We were also able to do a little unscheduled exploring before dinner tonight, and the group of us walked around, down by the ancient Old City wall (built in the 1500s) and saw Herod’s and Damascus Gates. This was where Jesus was lead to his crucifixion, now known as the stations of the cross.

We stopped into a shop run by an Armenian family (Armenian Catholics represent a small population of Jerusalem today, many still residing in the Old City) where we spoke with the proprietor about bargaining, Armenia, the Jerusalem cross and the city itself. He also told us a little about the stations of the cross, and Station #5 is located right outside of his shop.

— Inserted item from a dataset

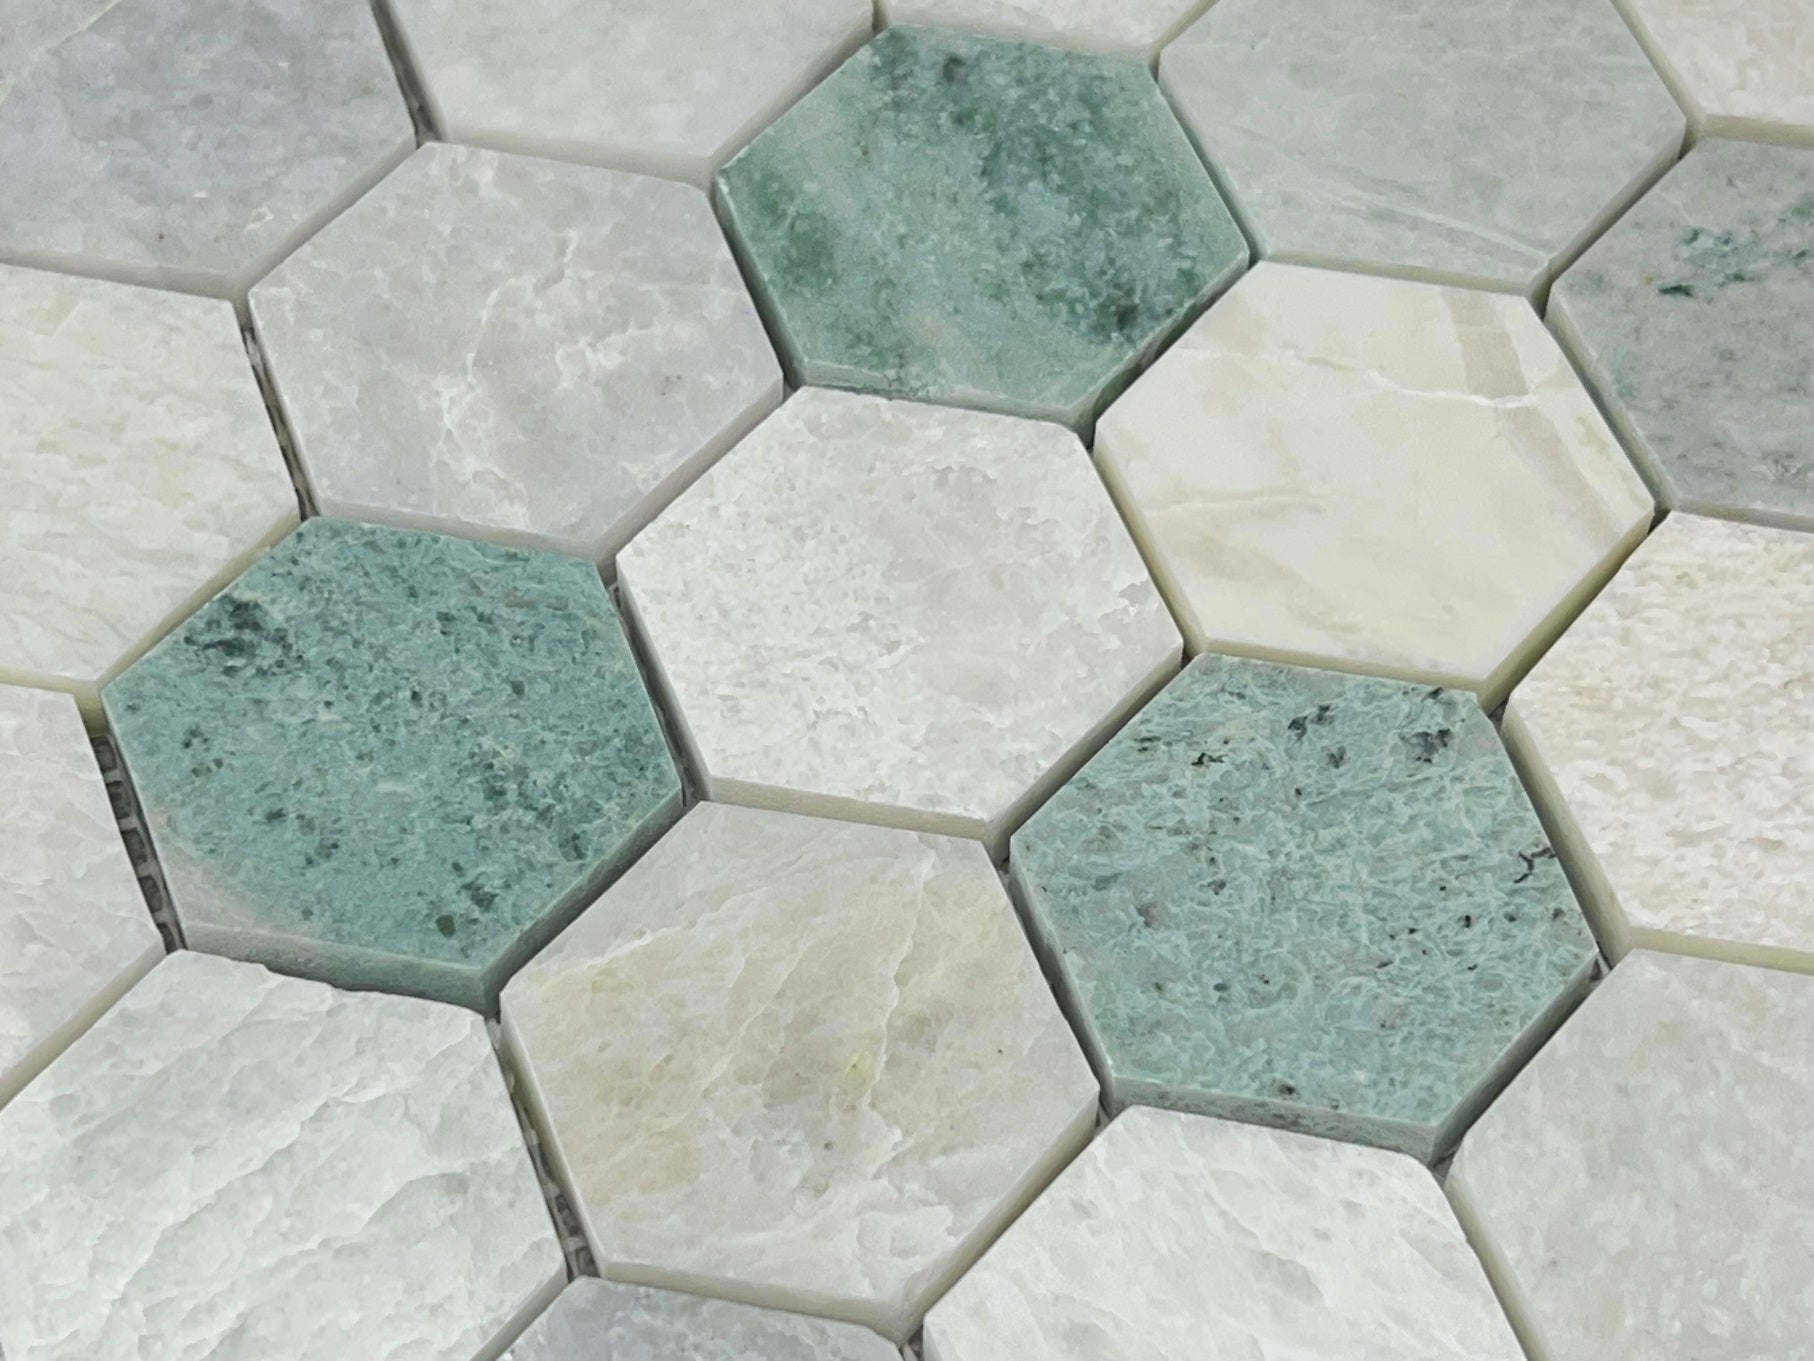 Ming Green 2 Inch Hexagon Polished Marble Mosaic Tile for Floor and Wall Tile, Shower Surrounds, Accent Walls, Kitchen Backsplashes, and Residential Uses

For those of you who didn’t grow up Catholic (even for those, like myself, who did and need a refresher course), station #5 is where Jesus began to falter for a second time and rested his hand upon a stone. That Connecting with Jesusstone is still there, and visitors and pilgrims are able to touch it. Directly experiencing that piece of history was so meaningful to me, despite having left the Catholic church years ago. I even took a picture with it!

It has been an a huge learning experience for me already: seeing first hand some of the persecution that the Palestinians have endured since the 1967 Six Day War. The Palestinians have been relegated to small villages, literally fenced in with their roads blocked so they cannot travel (driving or walking) on the same road as the Jews. It drew many parallels for me with racial segregation in the United States.

I want to update more about what I saw today and my impressions, but I am being consumed by jet lag. I do want to add one note about my blog over the next two weeks: these are just my impressions on what I’ve seen. I don’t lean either way; I am just as pro-Israel as I am pro-Palestine. I realize that there are far more than two sides to this whole conflict and anything mentioned here should not be regarded as my firm belief in any one argument. Each and every person and ancestry has suffered and gained a great deal over the genesis of this sacred land, and can be just as culpable as the next.

Tomorrow we will be exploring more of Jerusalem, so look out for more pictures on my Flickr page!


Finding Reassurance in Israel

We all need confirmation in our lives; reassurance that we’re on the right path and following the best dream. I’ve posted before about questioning my stance in life, wondering if I had really found my purpose. So to reassert what I’ve thought to be my future livelihood, I’m going back to the start. Everyone’s start.

Tomorrow afternoon I leave for a two-week trip to Israel and Palestine. I will be joining a group of eight others from the Unitarian Universalists for Justice in the Middle East, traveling the West Bank and northern part of the country to learn more about the conflict and occupation. We’ll be meeting with peace advocates, academics, government officials (from both sides), refugees, and Israeli and Palestinian citizens to understand the climate and work towards finding the bricks to build a roadway to peace.

This isn’t a “mission” per say; there is no conversion involved. But I see it as a public diplomacy trip – one emulating the UN. I hope we can glean (and leave) a bit of cultural understanding.

The trip will reinvigorate my soul and goals; reasserting that international affairs (along with public policy) with a focus on the Middle East is where I want my path to lead. I expect my life to be completely changed within the course of the next two weeks; my eyes reopened, my intellect challenged, my sense of justice ignited.

I will be repurposing Falling Feet First for the next two weeks to recount my trip: the sights, sounds, smells and experiences, complete with pictures. Armed with my brand new Nikon D60 (thanks Mom and Dad!), I will capture this culture and next step in life.

Perhaps we all don’t need to leave the country to find reassurance, but this unique opportunity has posed itself at just the right time.

Please keep me in your thoughts for safe travels over the next two weeks – I’ll carry them with me like a flame.